Periods of low volatility also do not imply that higher volatility is imminent. Low-volatility periods historically have lasted a long time. They have generally occurred amid economic expansion and predictable monetary policy, both of which we see today. Low volatility today likely in part also reflects investors seeking income by selling volatility in options markets.

We believe a steady economic environment should help keep equity market volatility relatively low, with a sustained and synchronized global expansion in full swing. We see few signs of late-cycle equity market complacency, with a broad swathe of stocks behind gains in major markets. Yet investors should be wary in asset classes where low volatility has encouraged many to herd into similar trades, we believe.

A move to a new regime of extended higher volatility would be negative for risk assets. It’s impossible to predict what could trigger this but candidates include a credit crunch in China and a much more aggressive pace of Federal Reserve tightening. Neither is our base case. We also do not rule out short-lived volatility spikes on risks such as further U.S. political turmoil. For now, we believe equity investors are being compensated to take risk, particularly outside the U.S. Bottom line: Look beyond short-term volatility and stay focused on fundamentals. Read more market insights in my Weekly Commentary.

Richard Turnill is BlackRock’s global chief investment strategist.
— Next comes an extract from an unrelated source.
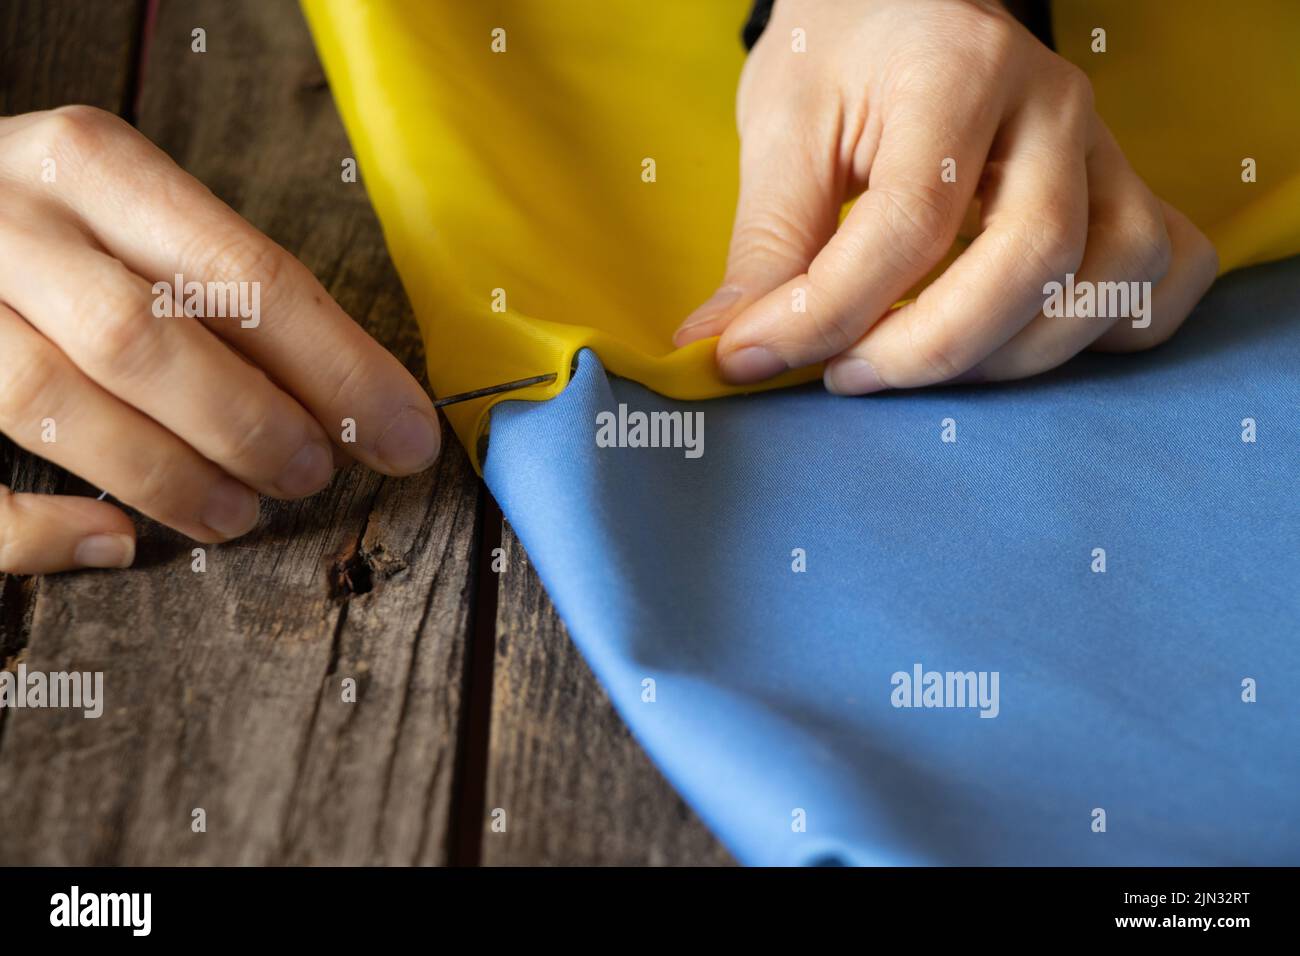 Frauenhände nähen die Nationalflagge der Ukraine gelb-blau am Tisch zu Hause in der Ukraine, Patriot, stoppen den Krieg in der Ukraine 2022 Stockfoto

He is a regular contributor to The Blog.

Investing involves risks, including possible loss of principal.

This material is not intended to be relied upon as a forecast, research or investment advice, and is not a recommendation, offer or solicitation to buy or sell any securities or to adopt any investment strategy. The opinions expressed are as of May 2017 and may change as subsequent conditions vary. The information and opinions contained in this post are derived from proprietary and nonproprietary sources deemed by BlackRock to be reliable, are not necessarily all-inclusive and are not guaranteed as to accuracy. As such, no warranty of accuracy or reliability is given and no responsibility arising in any other way for errors and omissions (including responsibility to any person by reason of negligence) is accepted by BlackRock, its officers, employees or agents. This post may contain “forward-looking” information that is not purely historical in nature. Such information may include, among other things, projections and forecasts. There is no guarantee that any forecasts made will come to pass. Reliance upon information in this post is at the sole discretion of the reader.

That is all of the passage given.